Additionally, ROCm is a giant collection of a whole bunch of libraries. Certainly there are issues, as with any large collection of software, but the critical thing is whether or not AMD is responsive towards getting things fixed.

In the past, it was a huge issue, AMD would routinely ignore developers and bugs would never get fixed. But, after that SA article, Lisa lit a fire under Anush's butt and he's taking ownership. It is a major shift in the entire culture at the company. They are extremely responsive and getting things fixed. You can literally tweet your GH issue to him and someone will respond.

What is true a year ago isn't today. If you're paying attention like I am, and experiencing it first hand, things are changing, fast.

I have been hearing this about AMD/ATI drivers for decades. Every year, someone says that it is fixed, only for new evidence to come out that they are not. I have no reason to believe it is fixed given the history.

Here is evidence to the contrary: If ROCm actually was in good shape, tinygrad would use it instead of developing their own driver.

That was last year Mi300x firmware and software have gotten much better since then
Unfortunately, AMD and ATI before it have had driver quality issues for decades; and both they and their fans have claimed that they have solved the problems every year since.

Even if they have made progress, I doubt that they have reached parity with Nvidia. I have had enough false hope from them that I am convinced that the only way that they will ever improve their drivers if they let another group write the drivers for them.

Coincidentally, Valve has been developing the Vulkan driver used by SteamOS and other Linux distributions, which is how SteamOS is so much better than Windows. If AMD could get someone else to work on improving their GPGPU support, we would likely see it become quite good too. Until then, I have very low expectations.

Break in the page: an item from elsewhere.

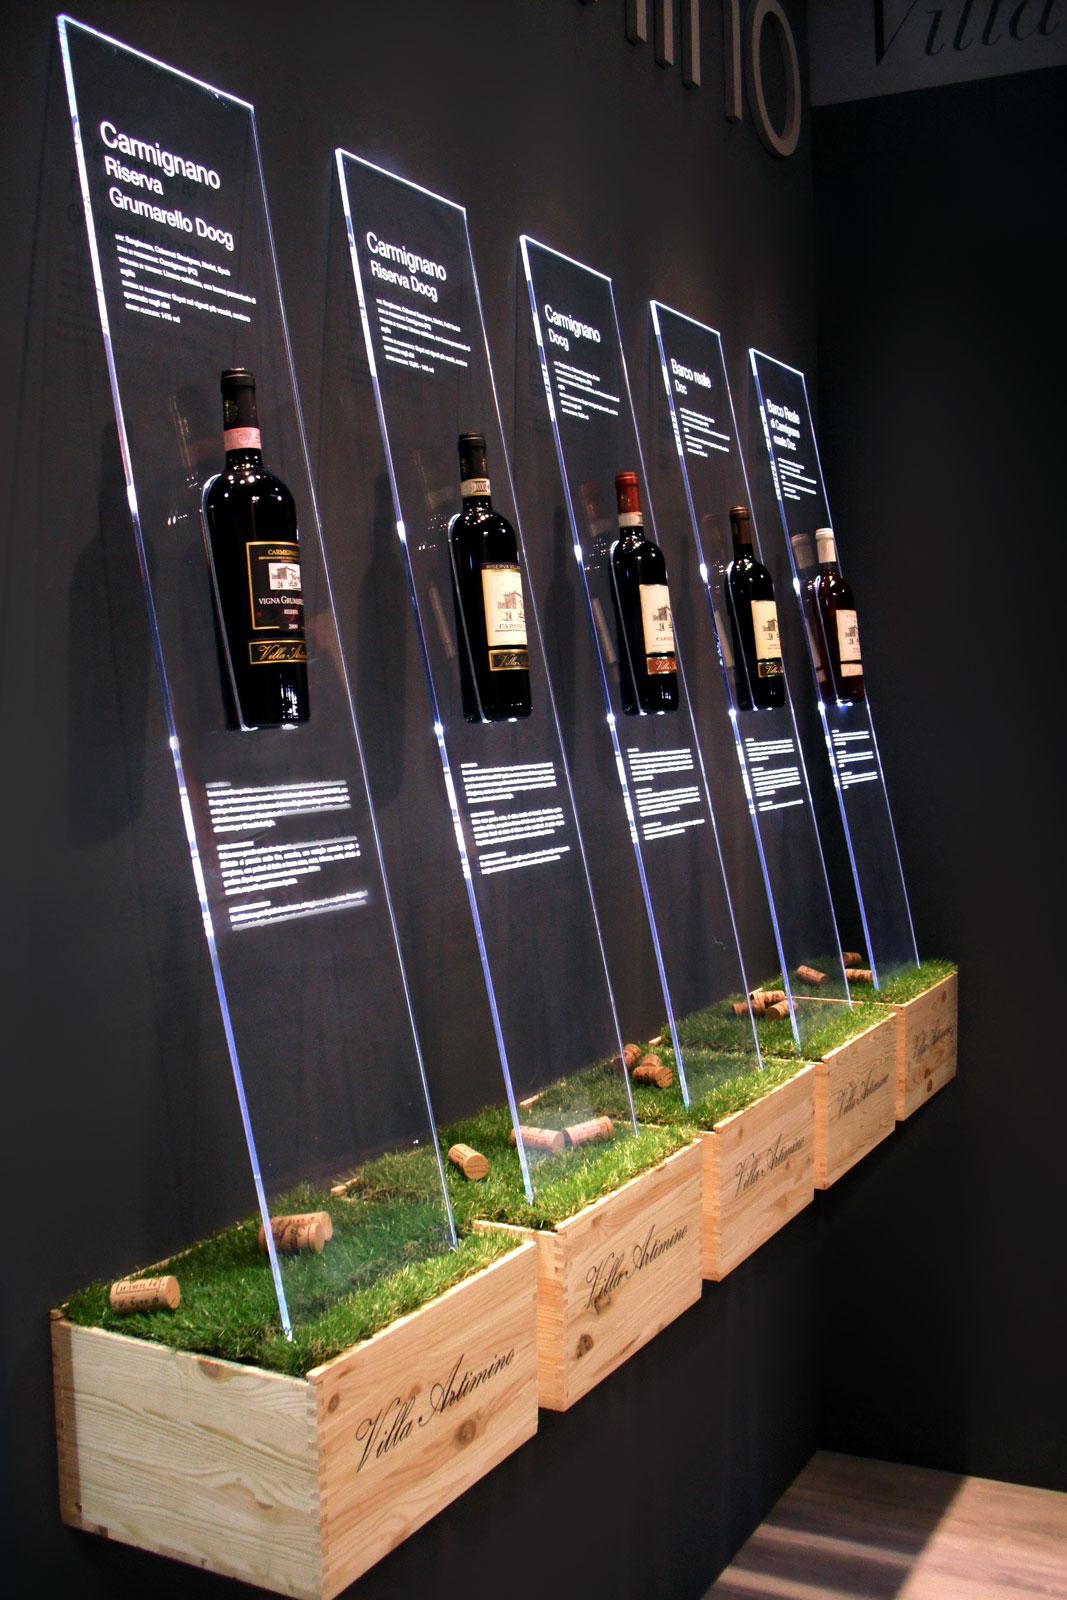 Parete espositiva di vini realizzata con cassette in legno, lastre in plexiglassi con illuminazione a led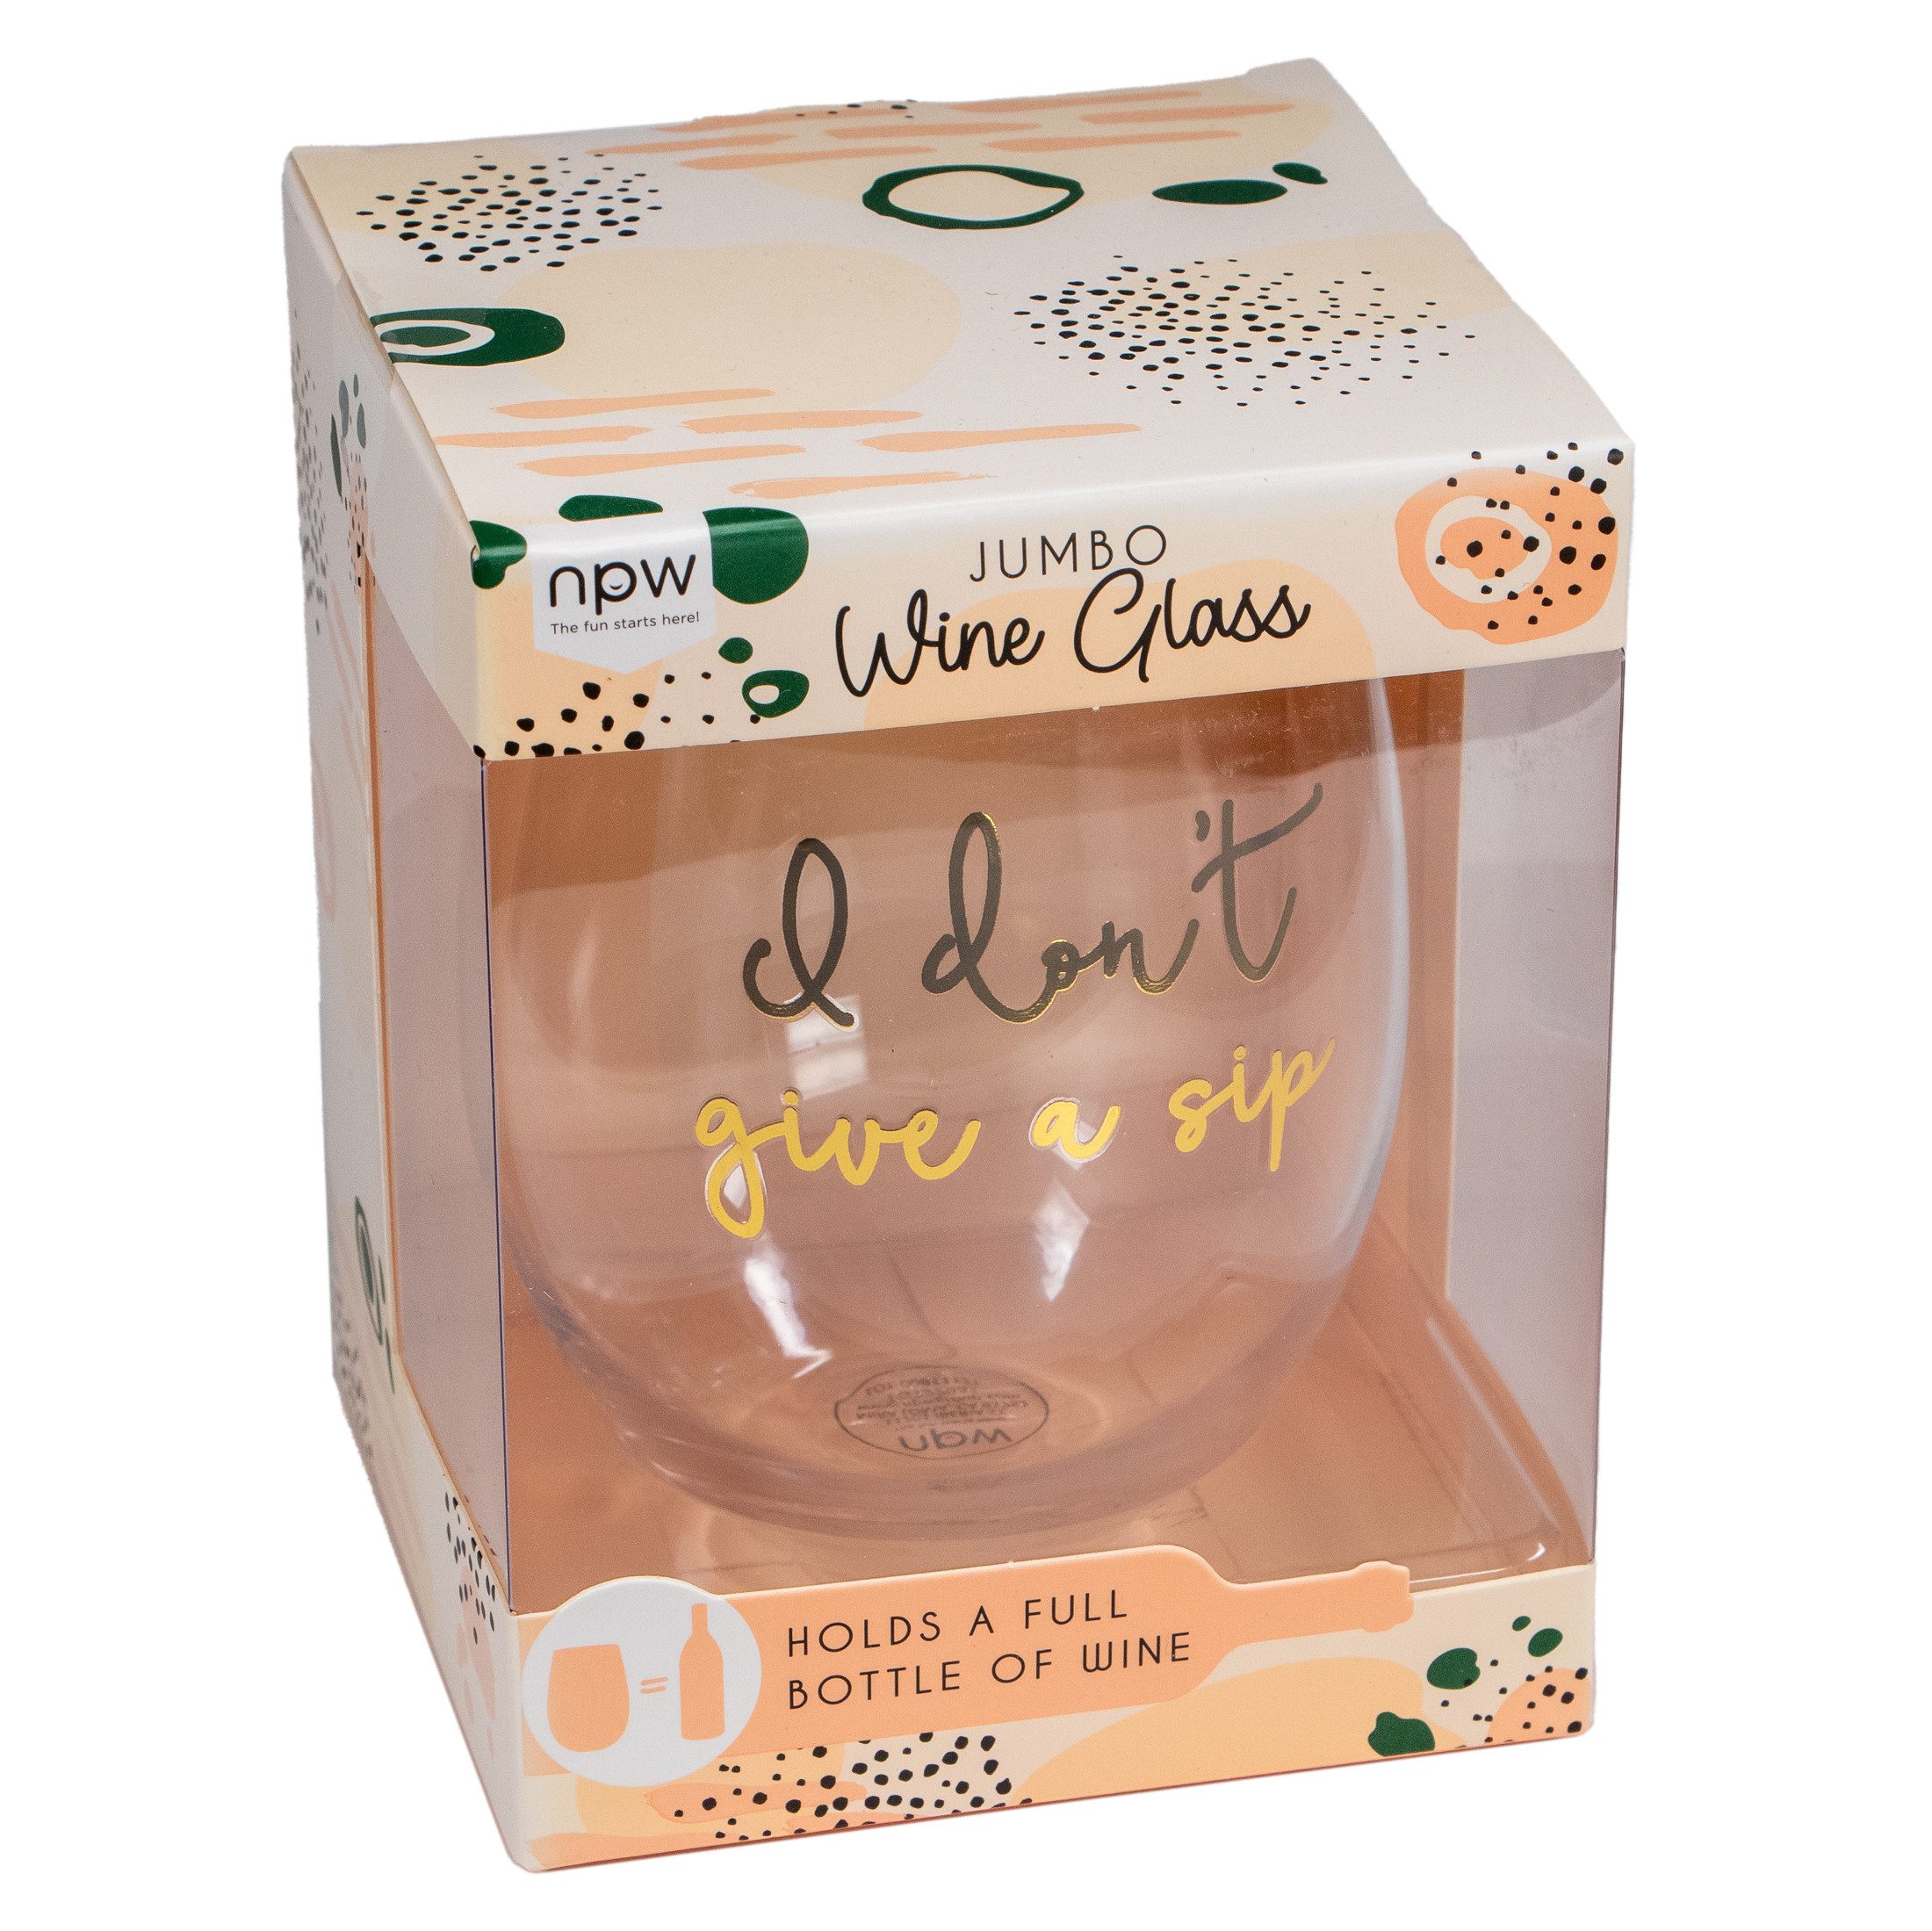 Weinglas Riesiges Weinglas Jumboglas - ich gebe keinen Schluck, Glas, 780ml Fassungsvermögen

So the MI300x has 8 different memory domains, and although you can treat it as one flat memory space, if you want to reach their advertised peak memory bandwidth you have to work with it like an 8-socket board.
MI355X isn't out yet, and the upcoming B300 also has 288GB HBM3e
June 12th.

B300 is Q4 2025.

Yes, they keep leapfrogging each other. AMD is still ahead in vram.

> when downvoting, please offer some insight why you disagree

And remind that (down)voting is not for (dis)agreement.